WHAT IS REQUIRED: In the material below, find the line with "Mindpure VGA to"; set down that line and every line after it to the end, exactly, without pictures.

DATA PROVIDED:
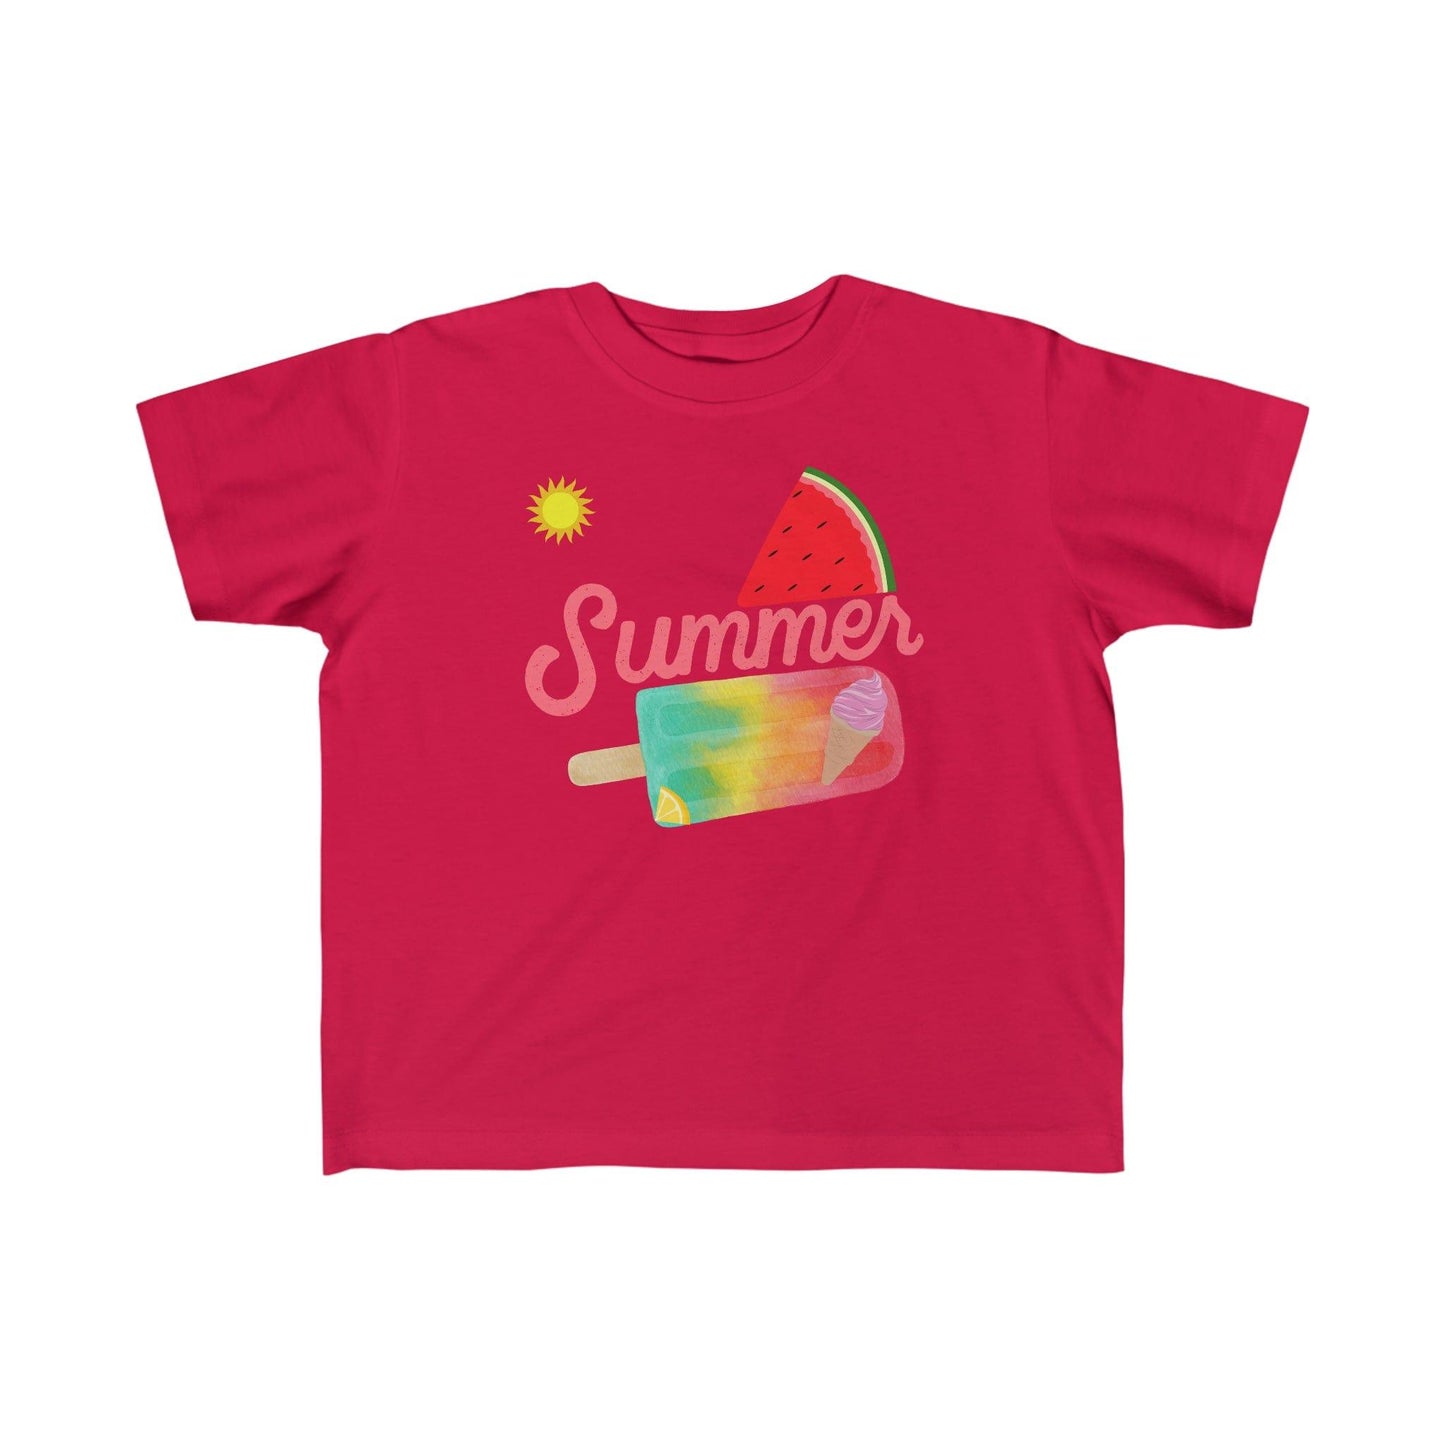 Toddler's Summer Tee, Summer Shirt for Toddlers Birthday gift Kids Tshirt
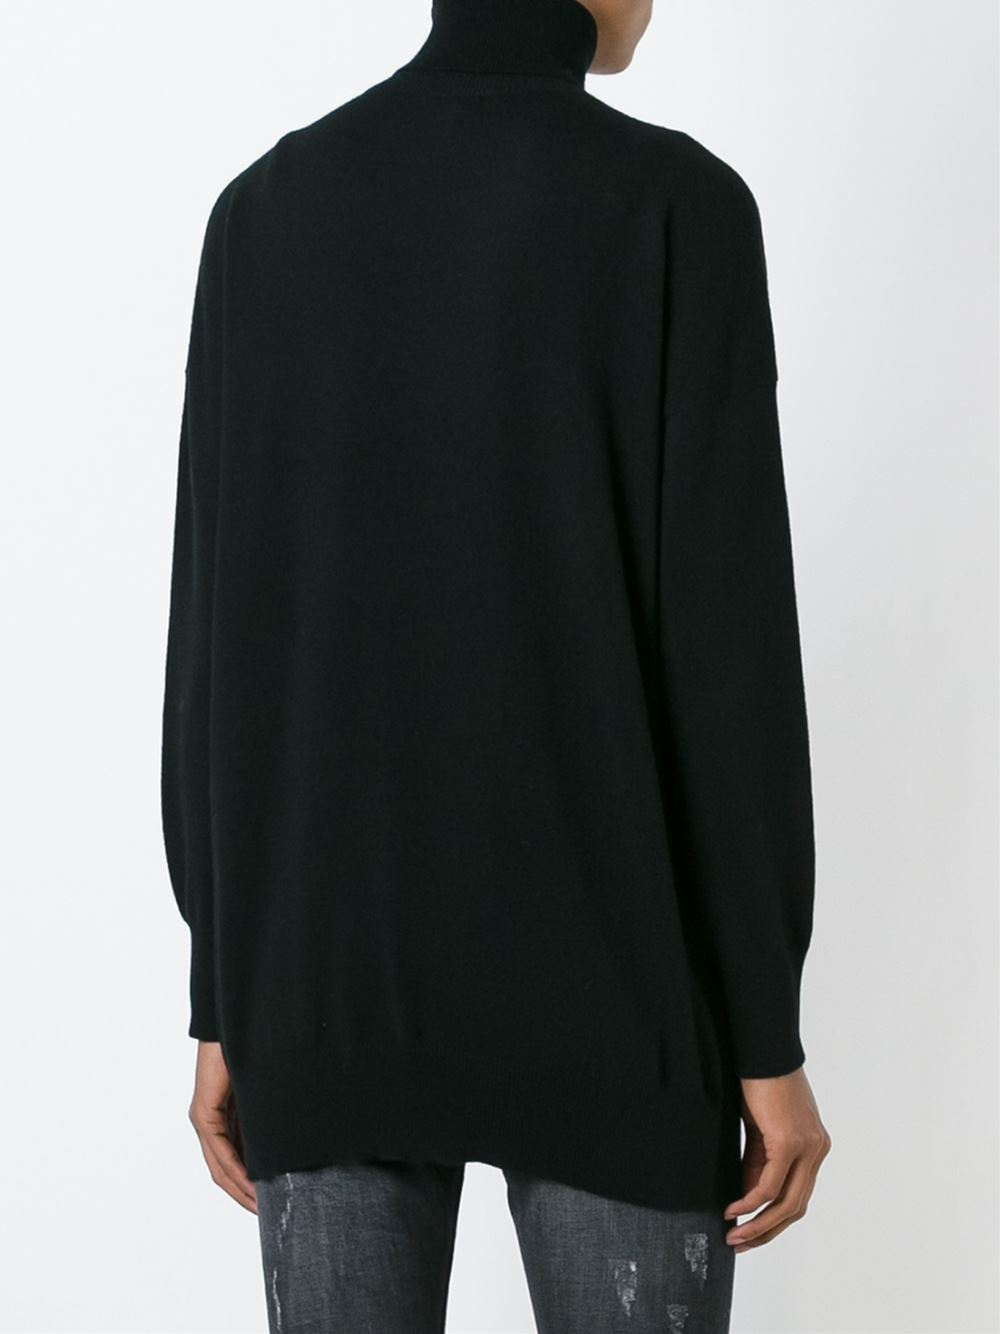 Lyst - Gucci Cashmere Sweater in Black
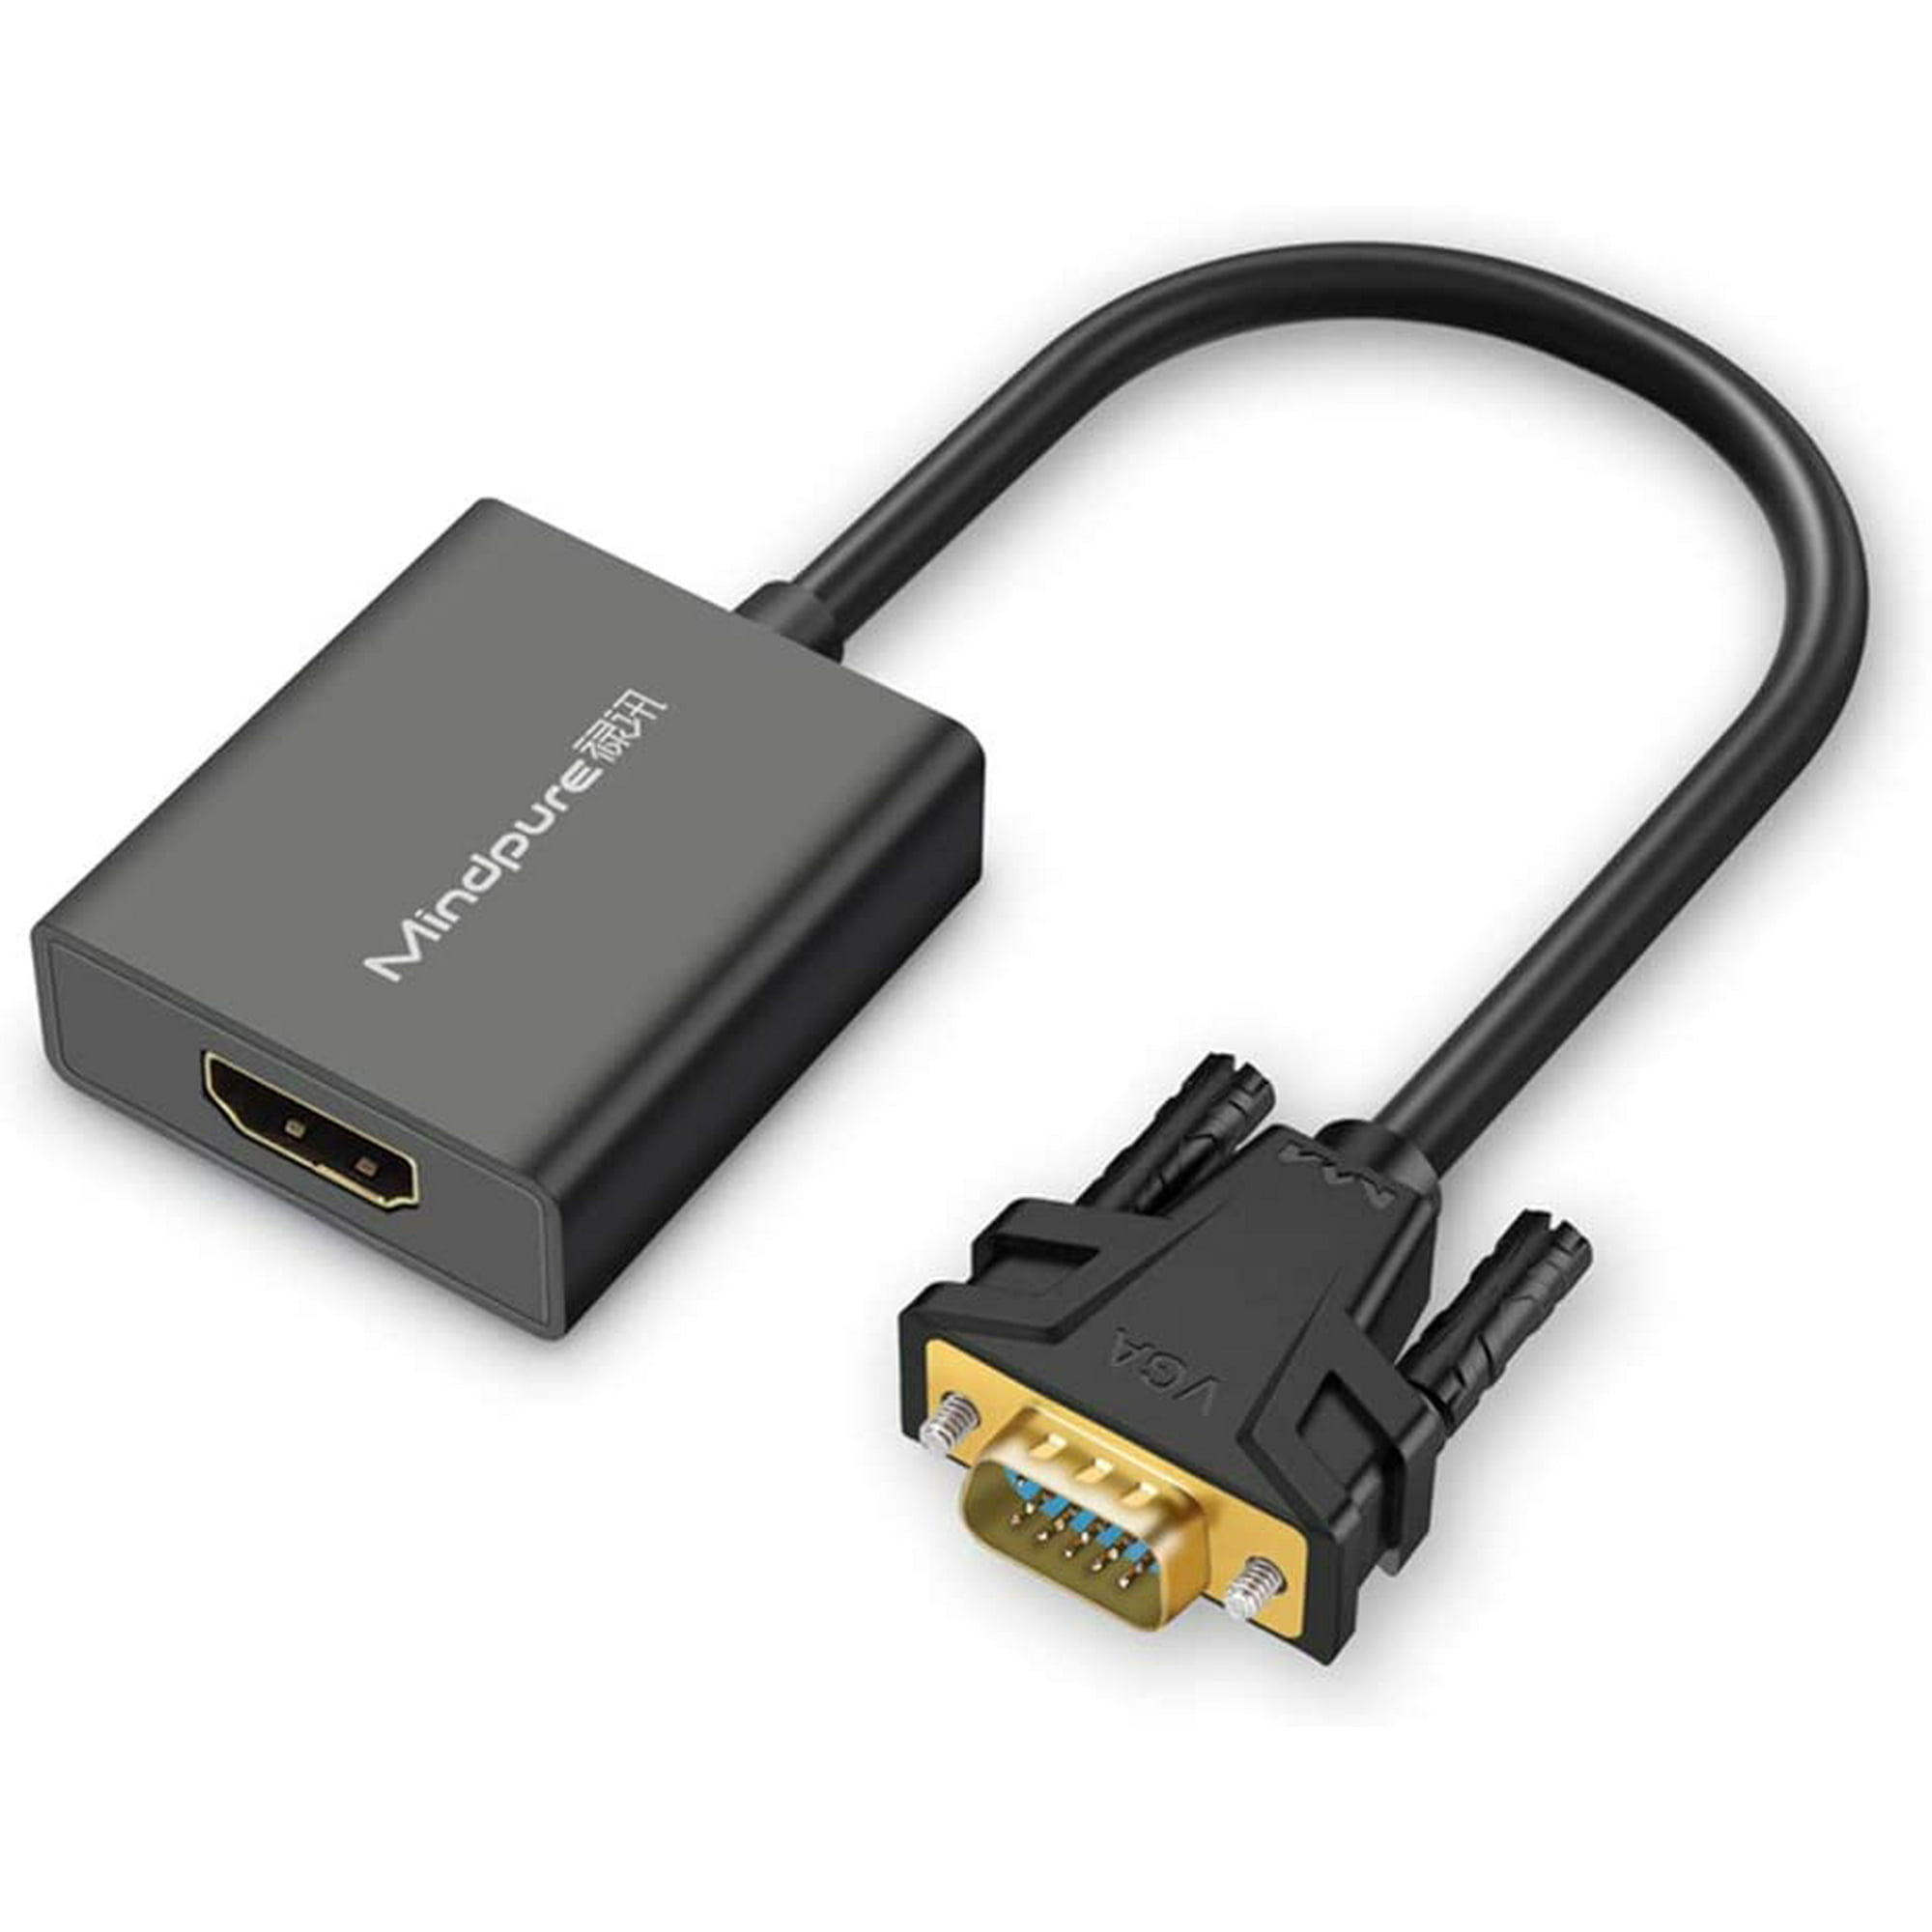 Mindpure VGA to HDMI Adapter, 1080P VGA Male to HDMI Female Converter for TV Stick, Raspberry Laptop, PC, Tablet, Walmart Canada
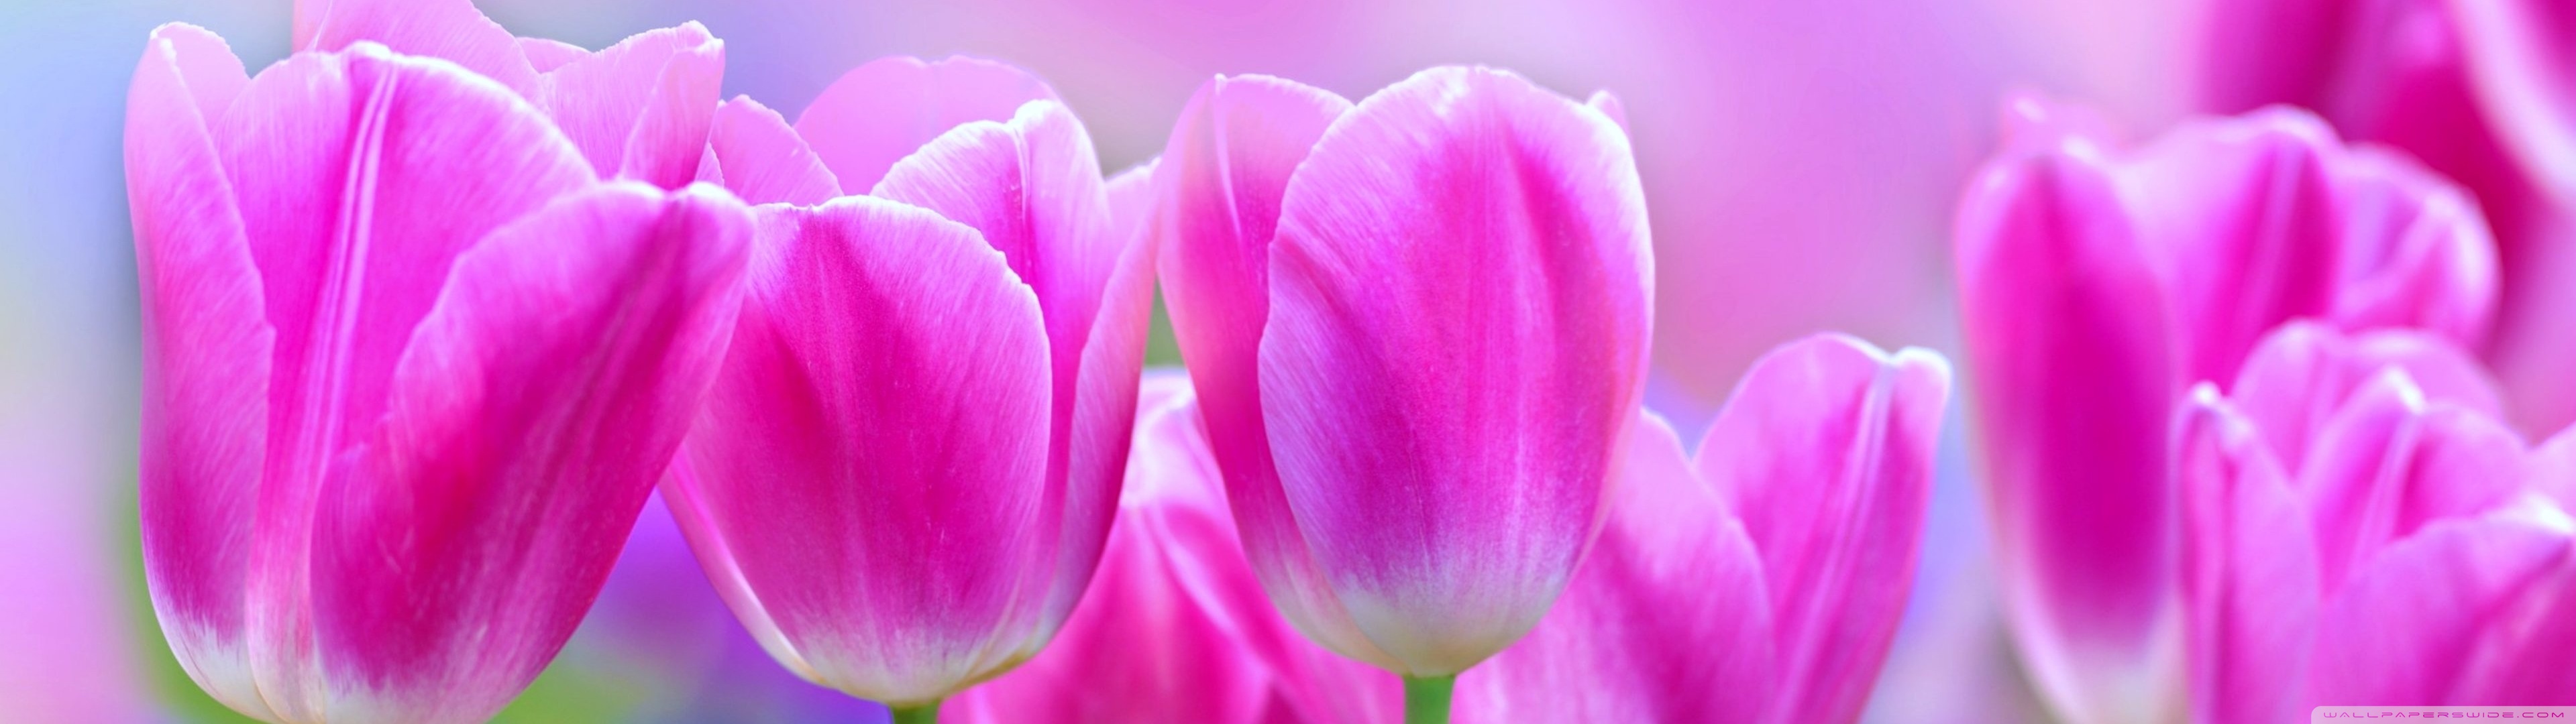 Vivid Colors Tulips, Spring Ultra HD Desktop Background Wallpaper for 4K UHD TV, Multi Display, Dual Monitor, Tablet

EXERCISE RESPONSE:
 Mindpure VGA to HDMI Adapter, 1080P VGA Male to HDMI Female Converter for TV Stick, Raspberry Laptop, PC, Tablet, Walmart Canada
 Vivid Colors Tulips, Spring Ultra HD Desktop Background Wallpaper for 4K UHD TV, Multi Display, Dual Monitor, Tablet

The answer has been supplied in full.